Task description | Would you please repeat, word for word, only the lines from the one holding "Daforin 20mg com 60 comprimidos - Ems" through the one holding "Patrol warmińsko-mazurskiej Inspekcji" in the material below, without the pictures?

Data to examine |
•••••

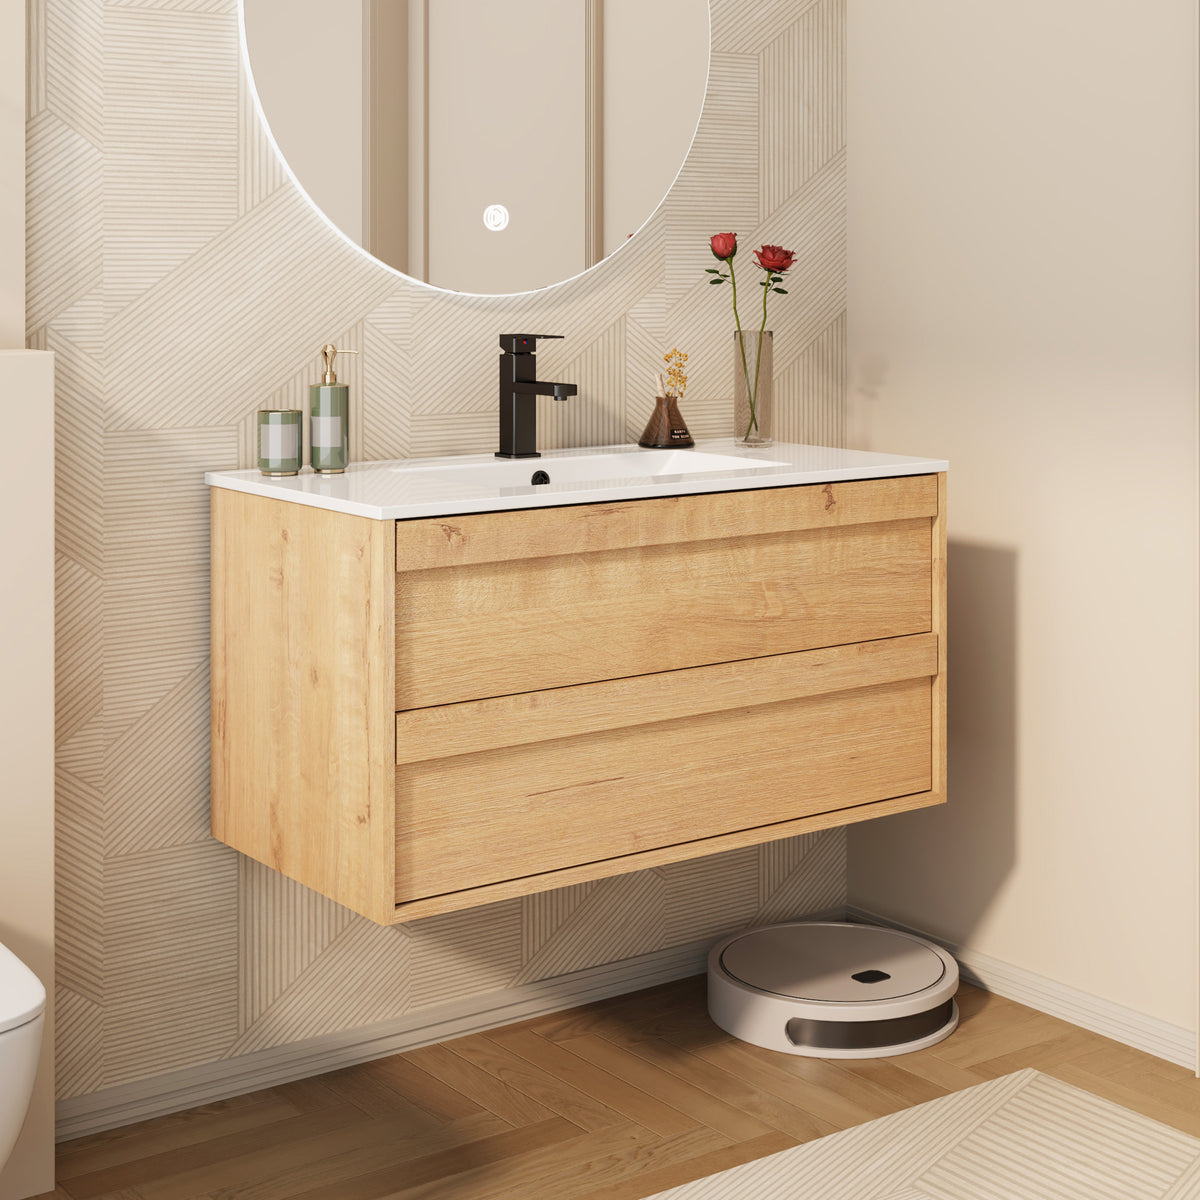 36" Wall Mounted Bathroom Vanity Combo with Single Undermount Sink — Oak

•••••

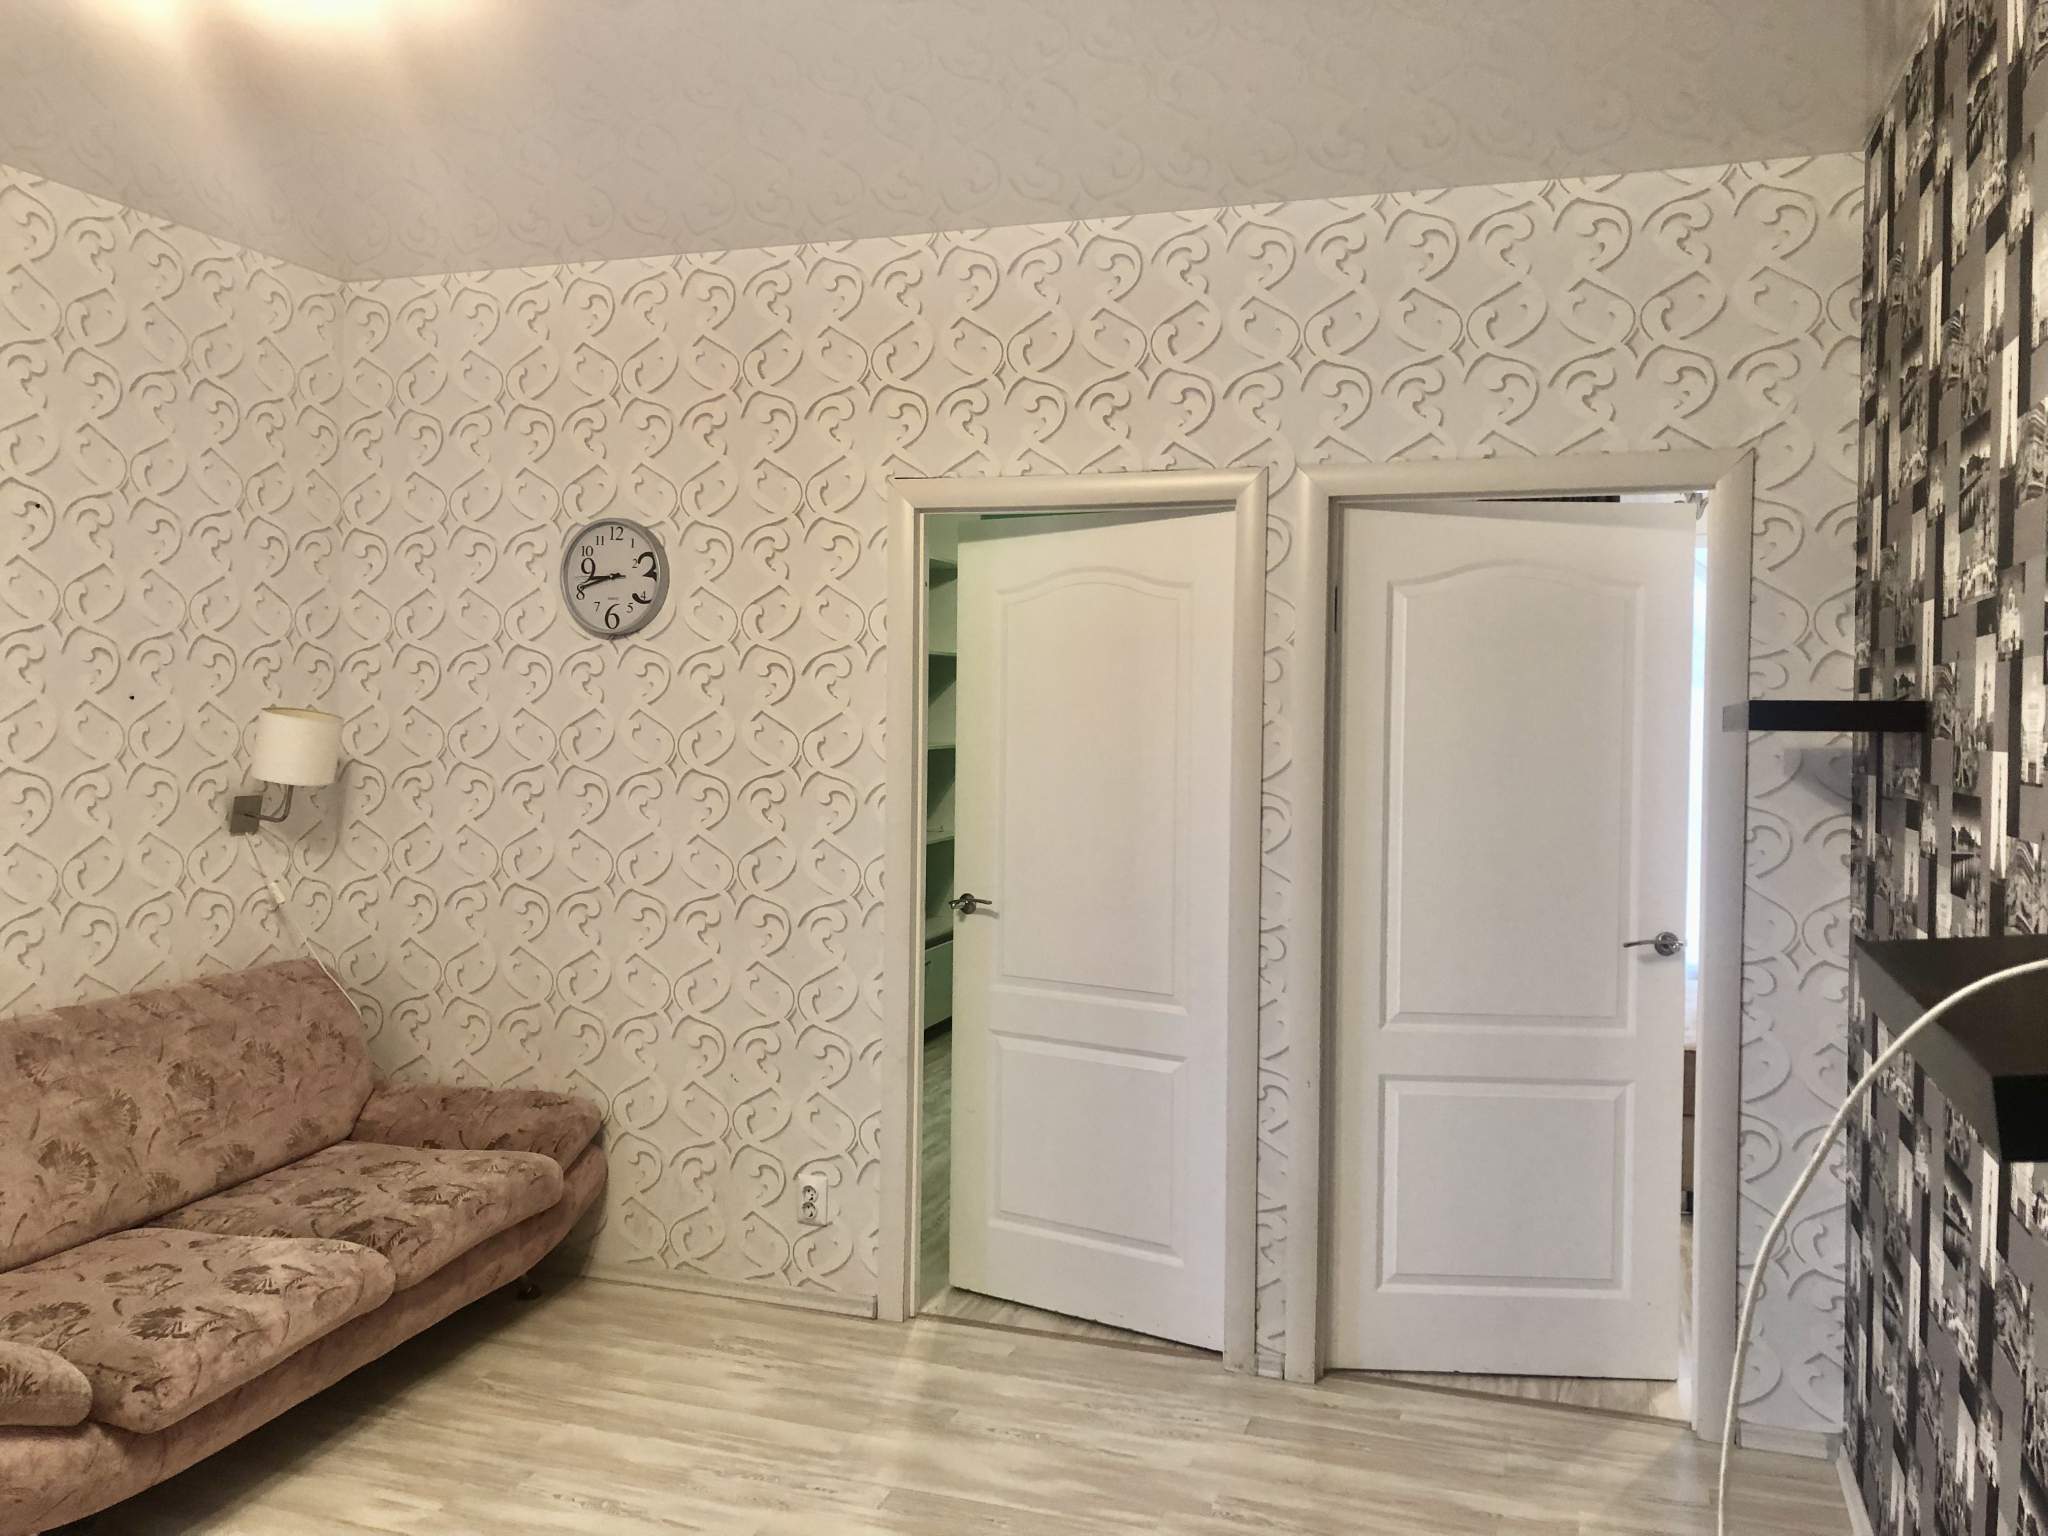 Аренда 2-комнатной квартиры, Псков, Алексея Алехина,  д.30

•••••

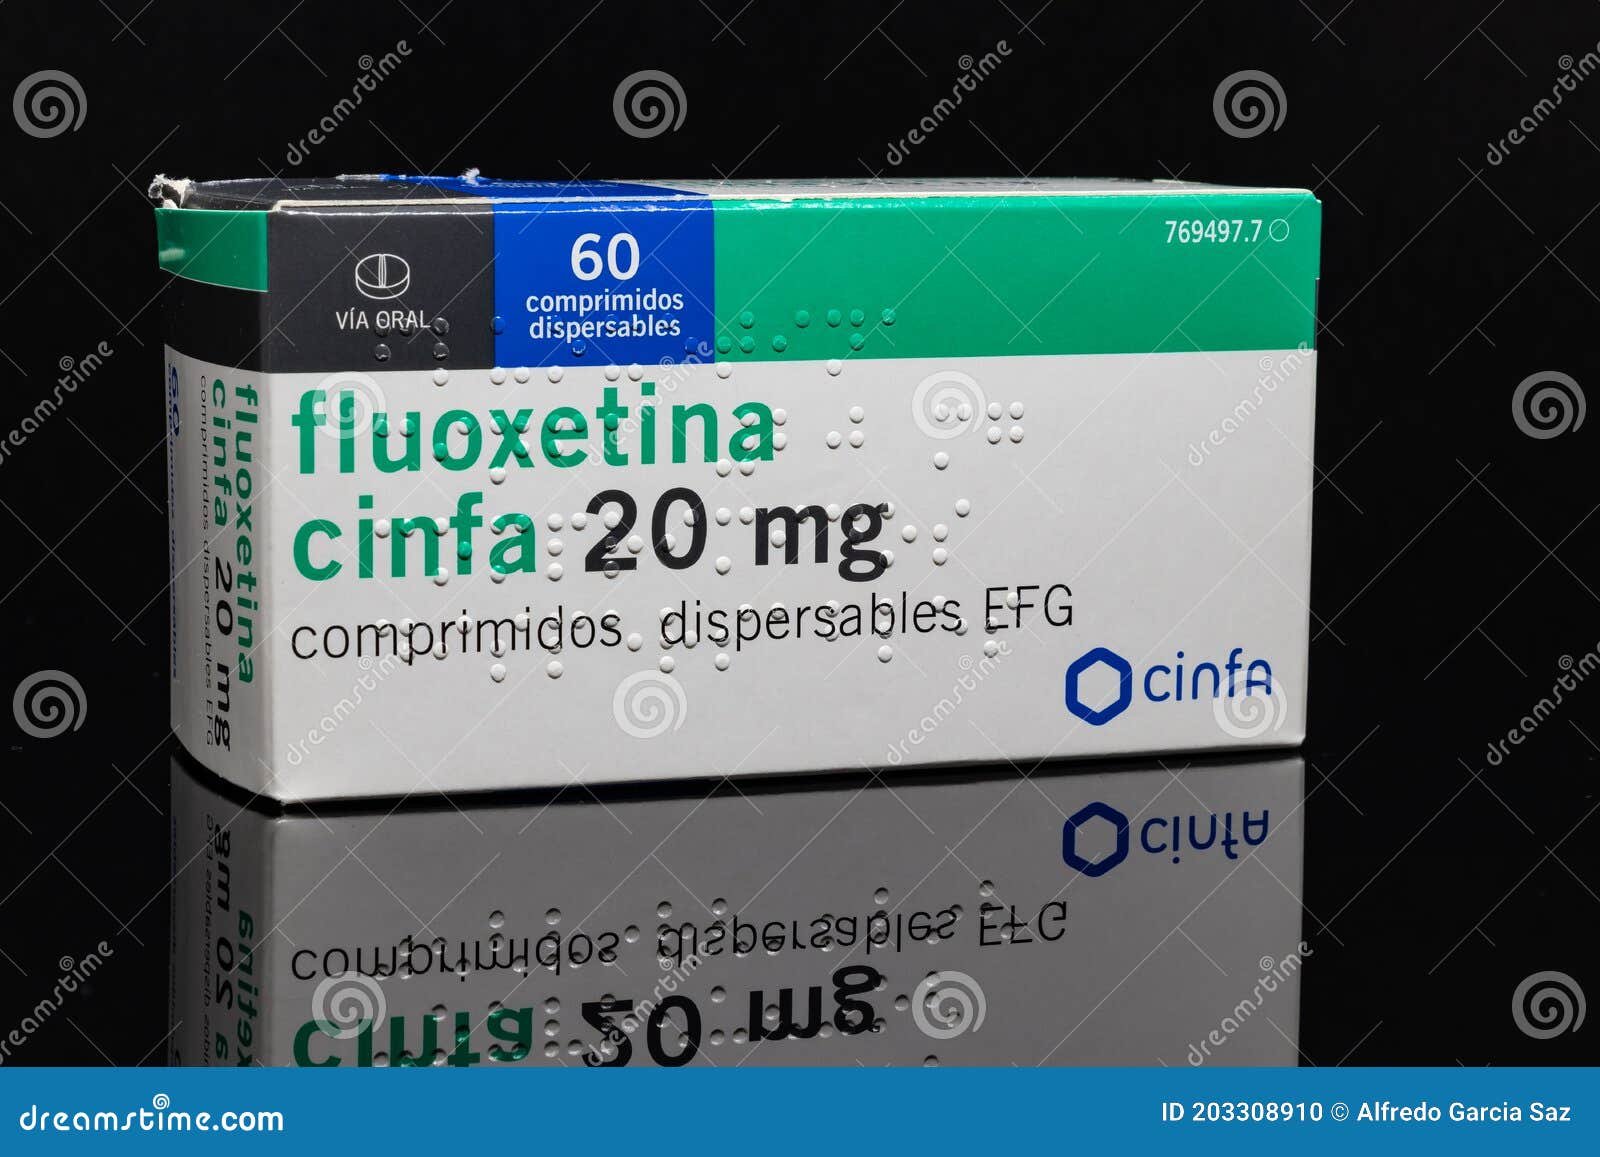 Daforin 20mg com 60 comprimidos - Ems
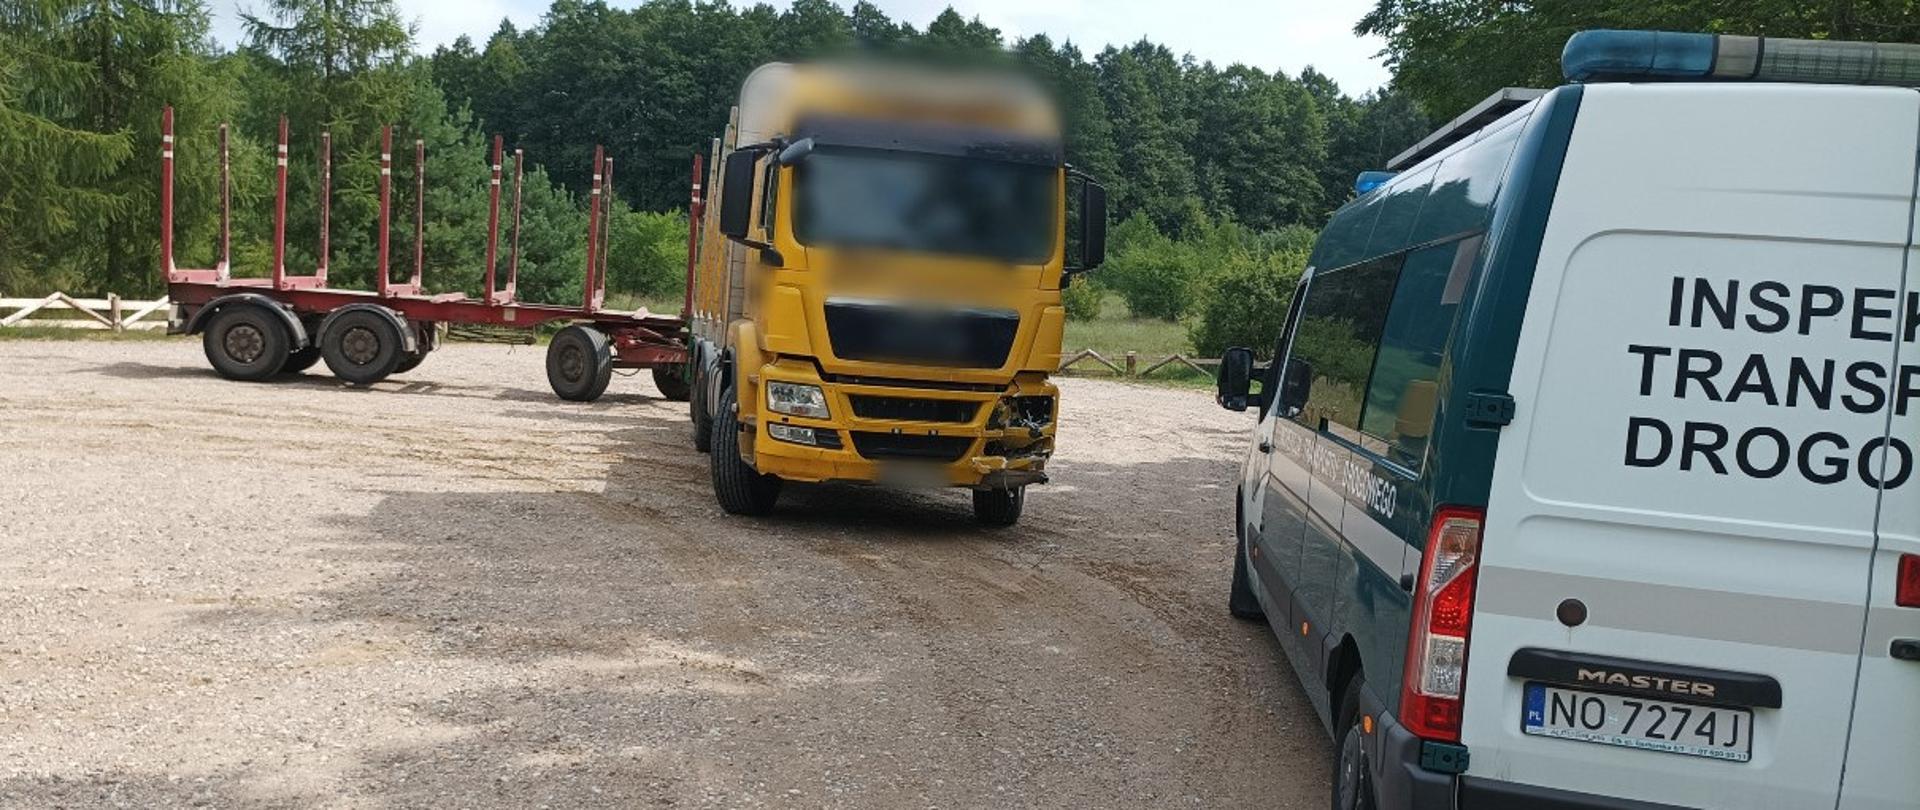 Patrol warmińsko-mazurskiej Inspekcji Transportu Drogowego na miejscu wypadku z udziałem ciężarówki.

•••••

Answer to this task |
 Daforin 20mg com 60 comprimidos - Ems
 Patrol warmińsko-mazurskiej Inspekcji Transportu Drogowego na miejscu wypadku z udziałem ciężarówki.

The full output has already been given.